HEK293 cells expressing mouse TRPV2 (mTRPV2) and non-transfected HEK293 cells were loaded with fura-2-AM and placed in low CaCl2 medium (0.5 mM). When the medium was replaced with high Ca2+ medium (5 mM) at neutral pH (7.4) containing TRPV agonist 2-APB, the increase in [Ca2+]i was very small (Figure 2A). However, when cells were perfused with weak acidic medium (pH 6.5), a large increase in [Ca2+]i was detected in TRPV2-expressing HEK293 cells. We tested whether low pH-dependent 2-APB-induced activation of TRPV2 was also detected in the TRPV2 current measured by the whole cell patch clamp technique. Consistent with the response to Ca2+, low pH dramatically activated TRPV2 current in the presence of 2-APB (Figure 2B). The observed pH-dependent TRPV2 activation occurred at all tested voltages (Figure 2C), indicating a voltage-independent effect. These results indicate that TRPV2 activation by 2-APB is enhanced at low pH.

Effects of extracellular pH and 2-APB on Ca2+ response and TRPV2 channel activity in HEK293 cells expressing TRPV2.

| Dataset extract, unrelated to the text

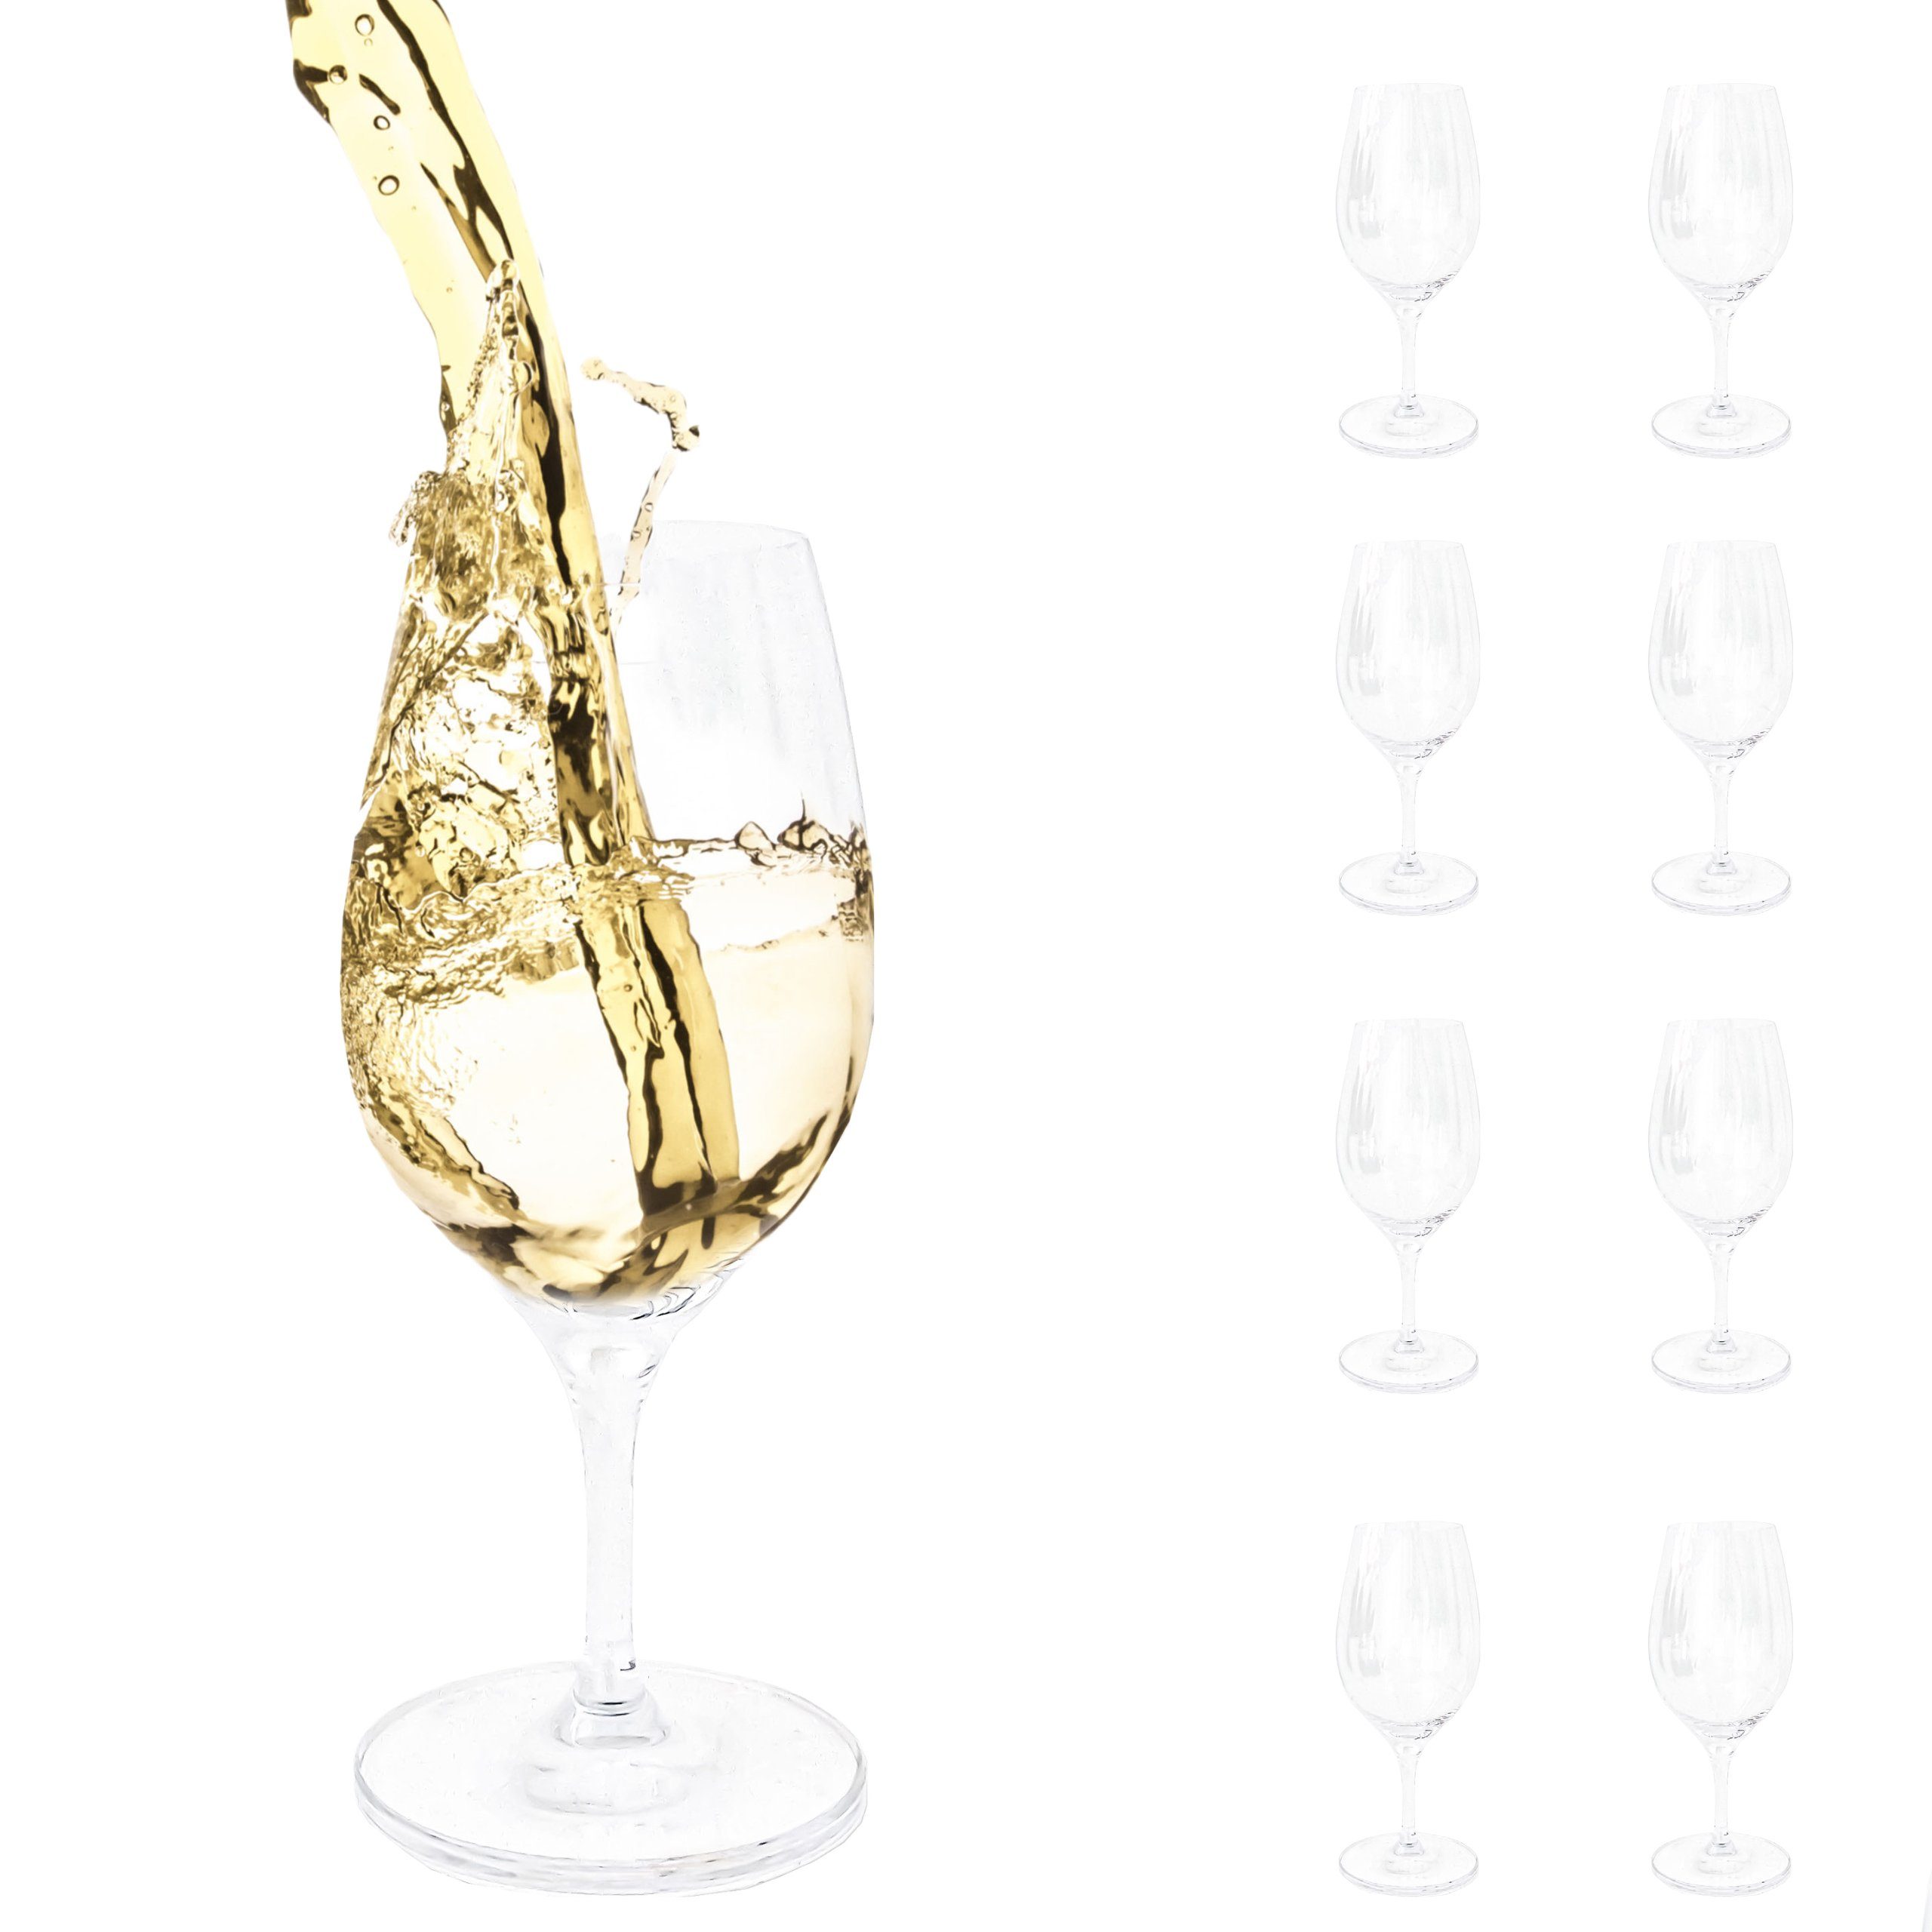 PassionMade Weißweinglas Бокалы для белого вина 8er Set Spiegelau Weiß Wein 1080, Kristallglas, Spiegelau Бокалы для белого вина 8er Set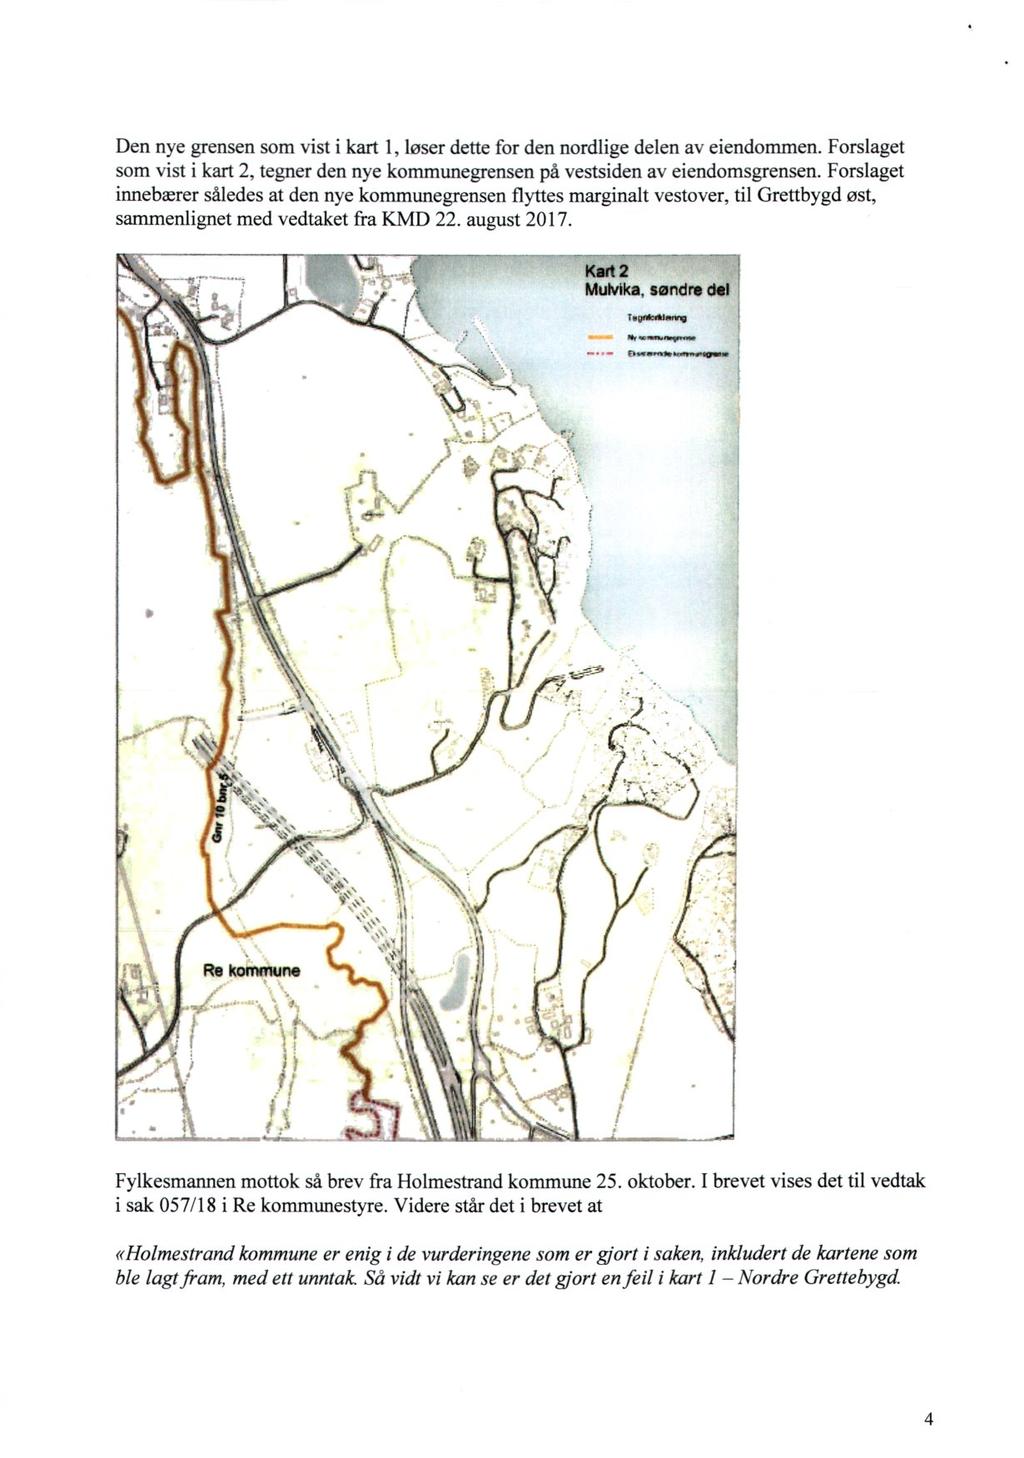 Den nye grensen som vist i kart 1, løser dette for den nordlige delen av eiendommen. Forslaget som vist i kart 2, tegner den nye kommunegrensen på vestsiden av eiendomsgrensen.

Figure 2: Effects of extracellular pH and 2-APB on Ca2+ response and TRPV2 channel activity in HEK293 cells expressing TRPV2. (A) Non-transfected (HEK) or mTRPV2-transfected HEK293 cells were loaded with 4 μM fura2-AM and maintained in BSS containing low CaCl2 (0.5 mM) at pH 7.4. Cells were stimulated with medium (pH 7.4) containing CaCl2 (5 mM) and 2-APB (500 μM) (arrow), followed by exposure to low pH (6.5) medium containing CaCl2 and 2-APB. (B) Traces of currents elicited by the ramp protocol. The mTRPV2 currents were recorded with the holding potential at -60 mV. The patch clamped cells were perfused with medium (pH 7.4) containing 200 μM 2-APB and then switched to the low pH (6.5) medium. The current values at -100 mV with an every-2-second ramp protocol were plotted. (C) Current-voltage relationship. The time points for the traces shown as a, b, and c are shown in (B). (D) Extracellular pH-dependence of the Ca2+ response measured by the fluorescence microplate reader. Cells were initially incubated in BSS containing low CaCl2 (0.5 mM) at pH 7.4 and then switched to BSS containing high CaCl2 (5 mM) and 2-APB (0.5 mM) at the indicated pH values. Fura-2-AM fluorescence was measured at excitation wavelengths of 340 and 380 nm. The fluorescence ratio measured at 340/380 nm was normalized by the maximal value and plotted. The data represent mean ± SD values (n = 5/group); *P < 0.05. (E) Dependence of the Ca2+ response on 2-APB concentration. The medium was switched to BSS at an acidic pH (6.5) containing high CaCl2 and various concentrations of 2-APB. The data represent mean ± SD values (n = 5/group); *P < 0.05. (F) Cells were stimulated with 2-APB (0.3 mM) and CaCl2 (5 mM) at pH 6.5 in the absence or presence of each compound at the indicated concentrations. The fluorescence ratio at 340/380 nm was normalized by the value measured with 2-APB alone. Open bar, no 2-APB (control). The data represent mean ± SD values (n = 5/group); *P < 0.05.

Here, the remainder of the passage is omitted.